Таким образом, Милтон был стилистом в том смысле, в каком не был Шекспир.
Китс был стилистом в том смысле, в каком не был Шелли. Не то чтобы
Мильтон и Китс использовали речь более удачно, но они использовали ее более
сознательно. Их величайшим достижением была магия искусства
скорее, не от природы. У них не было, в той же мере, что у Шекспира
и Шелли, свободы воздуха - птичьего полета или птичьего пения.
Мы знаем, что гений Китса был основан на чтении книг. Он
даже не начал писать, пока ему не исполнилось почти восемнадцать, когда Кауден Кларк одолжил ему сокровищами своей библиотеки, включая библиотеки Fa;ry Queene. Первый из его великих поэм была написана после прочтения
Чепмен был _Homer_, и до конца своей жизни он вдохновлялся произведениями искусства
в большей степени, чем любой другой гениальный писатель в
Англии того времени.
Это может помочь объяснить, почему он был, как указал мистер Джон Бейли
, поэтом тишины. Книги, картины и греческие вазы
неподвижны. Они превращают нашу жизнь в чудо транса, и, если Китс,
видел Кортеса “безмолвным на вершине в Дариене”, и
седовласого Сатурна, спокойного, как камень,
Еще как тишина, его логове;
и цифра после рисунке в том же скульптурные тишина, может это не
были из-за того, что его гениальность ФРС во многом на искусство?

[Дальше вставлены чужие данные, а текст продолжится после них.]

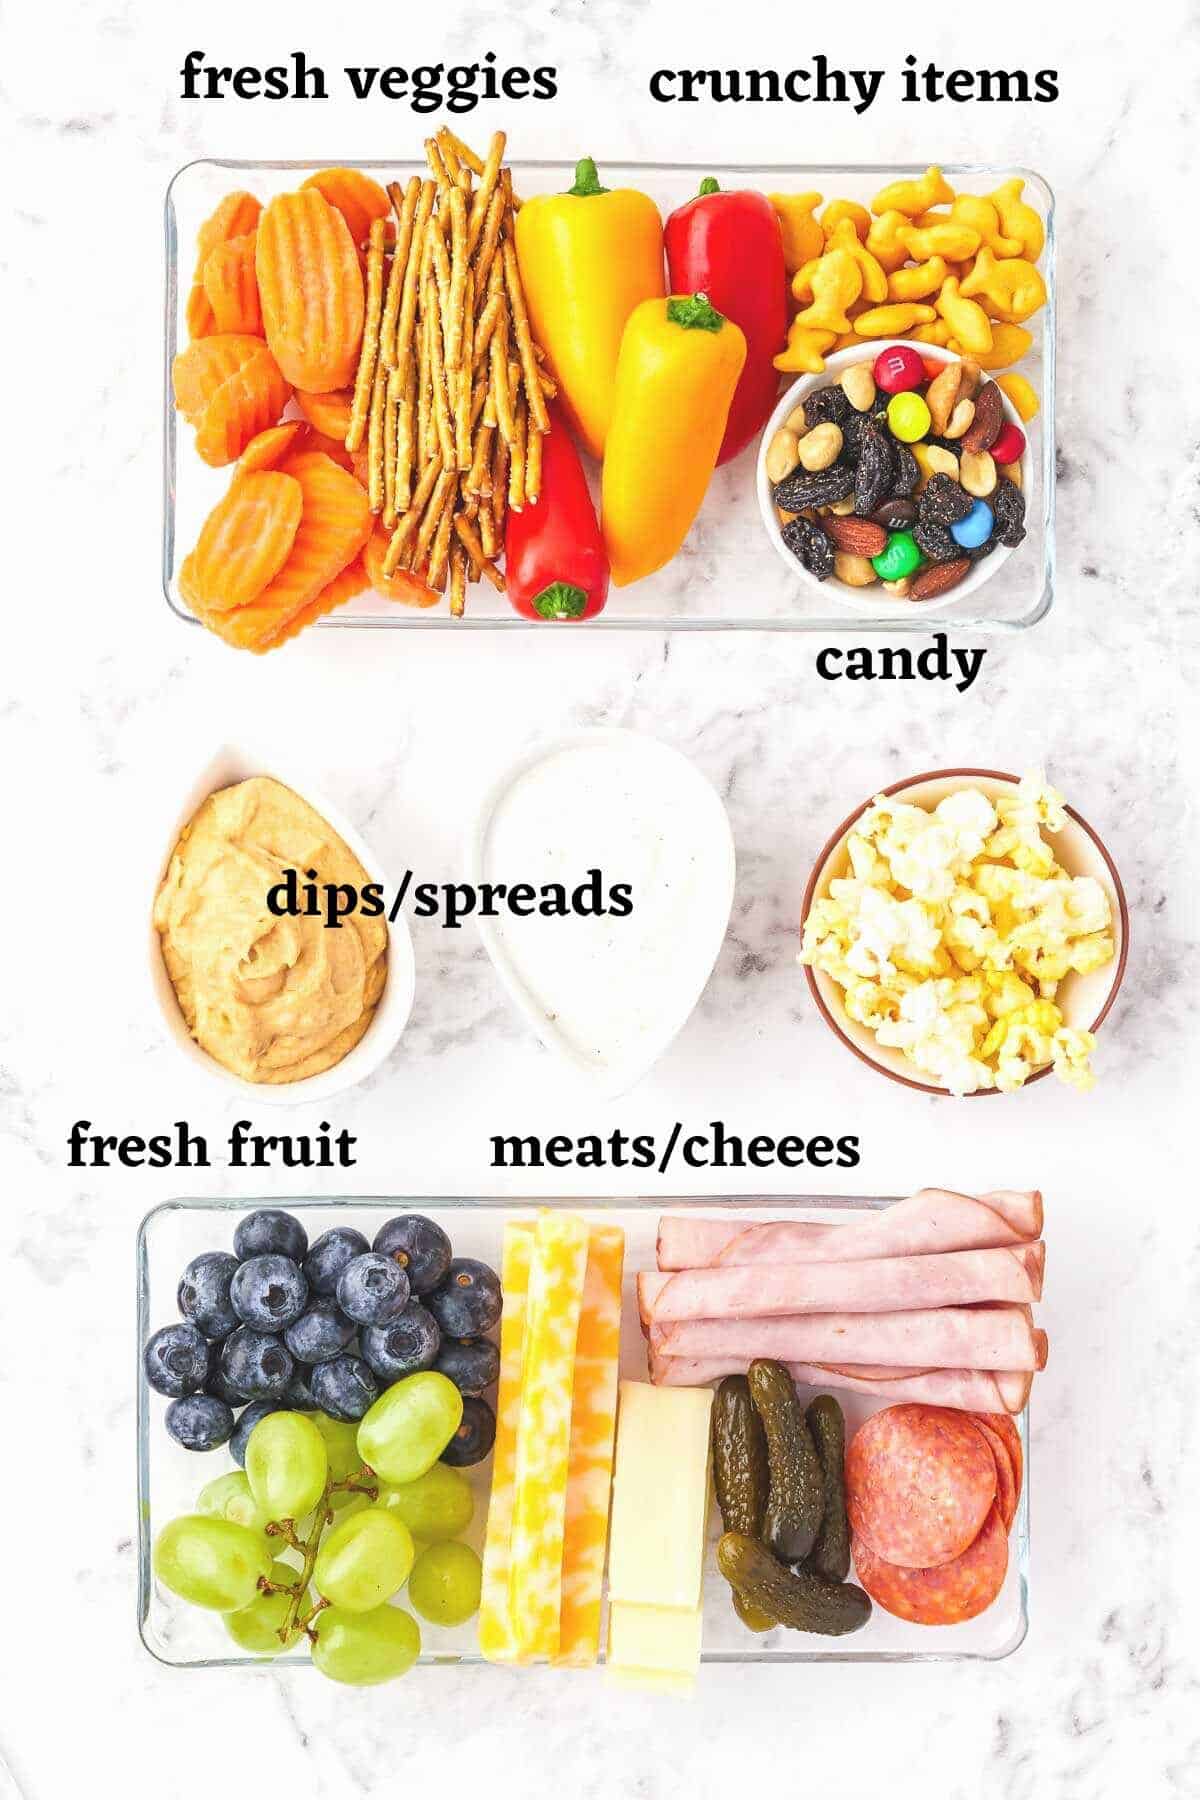 https://getonmyplate.com/wp-content/uploads/2022/12/ingredients-needed-for-kid-charcuterie-board-1200x1800.jpg
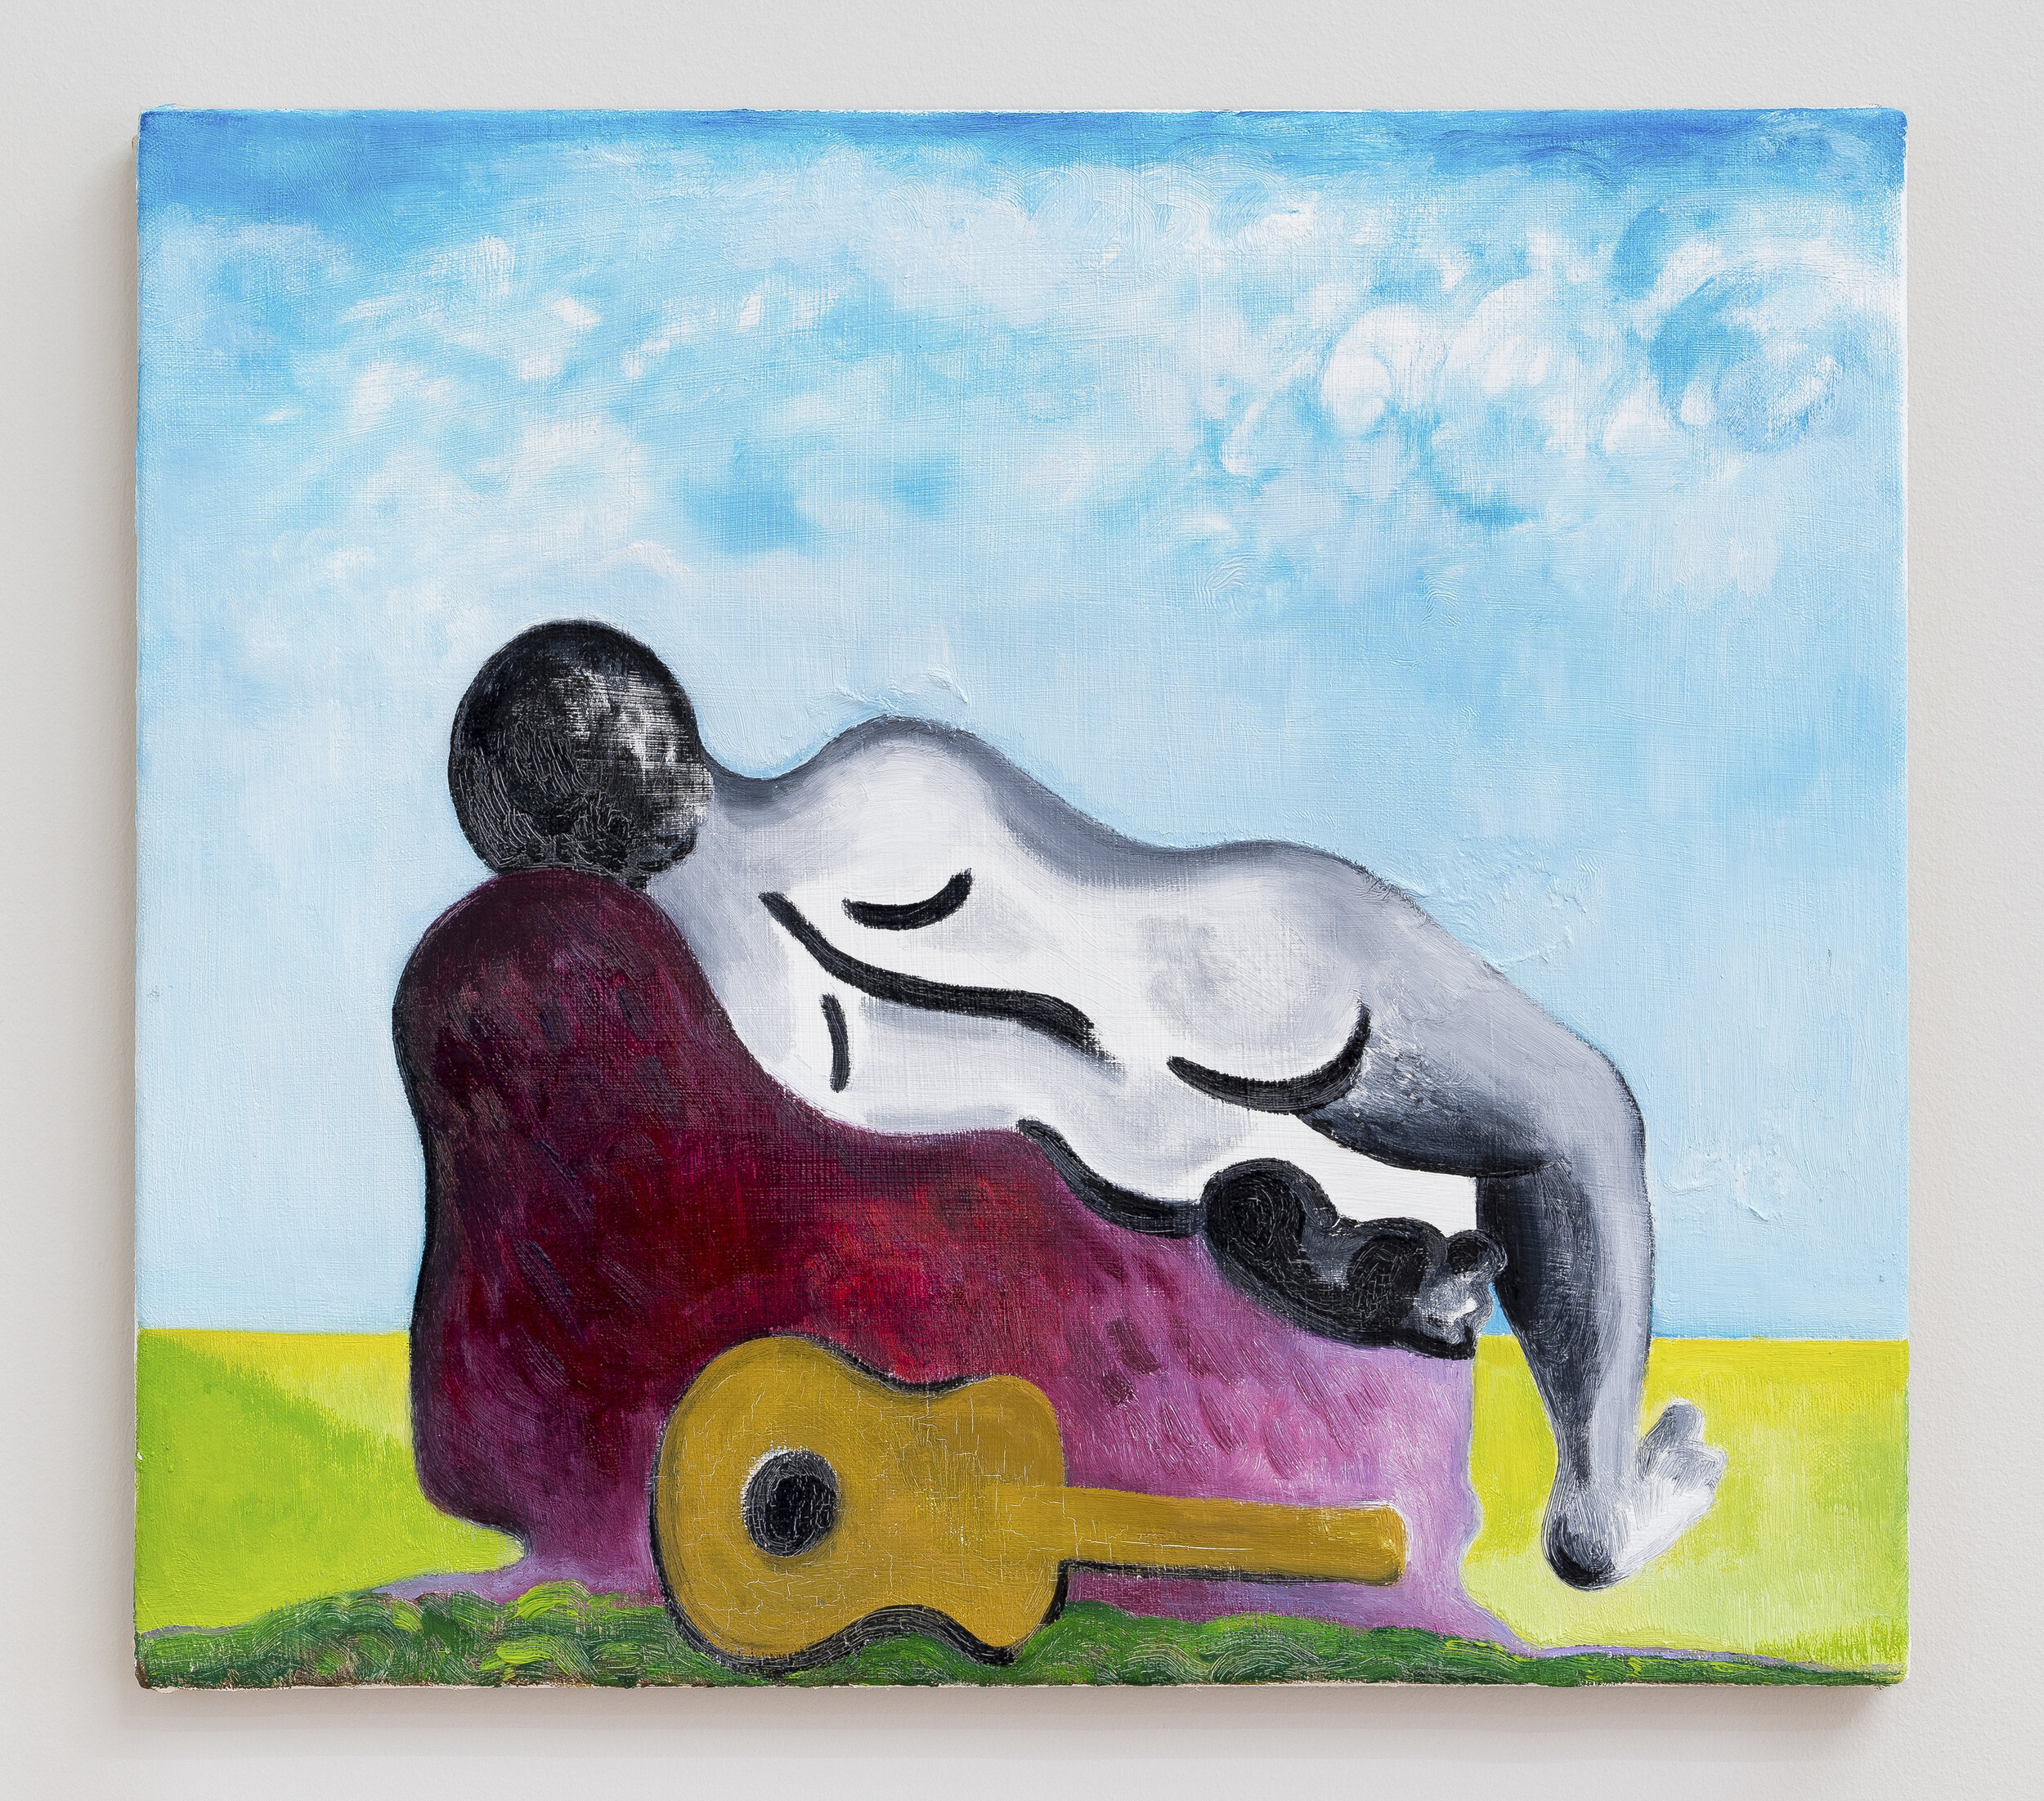 ProjetPangee_AndreEthier_SleeperGuitar_OilOnCanvas_16x18inches_2020_3000px.jpg

Китс, однако, был поэтом транса, даже если не считать его пребывания в
мир транса художников. Одним из его характерных настроений было
экстатическая праздность, как у человека, попробовавшего зачарованную
траву. Он действительно был поэтом, чья душа улетала в песне, как на
сонных крыльях мечты. Можно сказать, что он перешел от лихорадки
жизни к опьянению поэзией. Он любил поэзию - “моего демона
поэзию” - как вещь в себе, как, возможно, не любил ни один другой поэт, столь же великий
. Это был его поиск, это был его рай. Он действительно молился:
Чтобы я мог умереть достойной смертью
В роскоши, и мой юный дух последовал за
Утренними лучами солнца к великому Аполлону
Как свежее жертвоприношение; или, если я смогу вынести,
Наши восхитительные сладости приведут меня на ярмарку
Видения всех мест: уголок бауэри
Будет элизиум - вечная книга
Откуда я могу скопировать множество прекрасных высказываний
О листьях и цветах - об игре
нимф в лесах и фонтанах; и тени
Хранить тишину возле спящей горничной.
Это было настроение, в котором он написал свое величайшее произведение. В то же время
Китс не был абсолютным эстетом. Он с самого начала осознал, как мы
видим в этом раннем стихотворении “Сон и поэзия”, что истинная область
поэзия - это не радости чувств, а вся человеческая жизнь:
И смогу ли я когда-нибудь распрощаться с этими радостями?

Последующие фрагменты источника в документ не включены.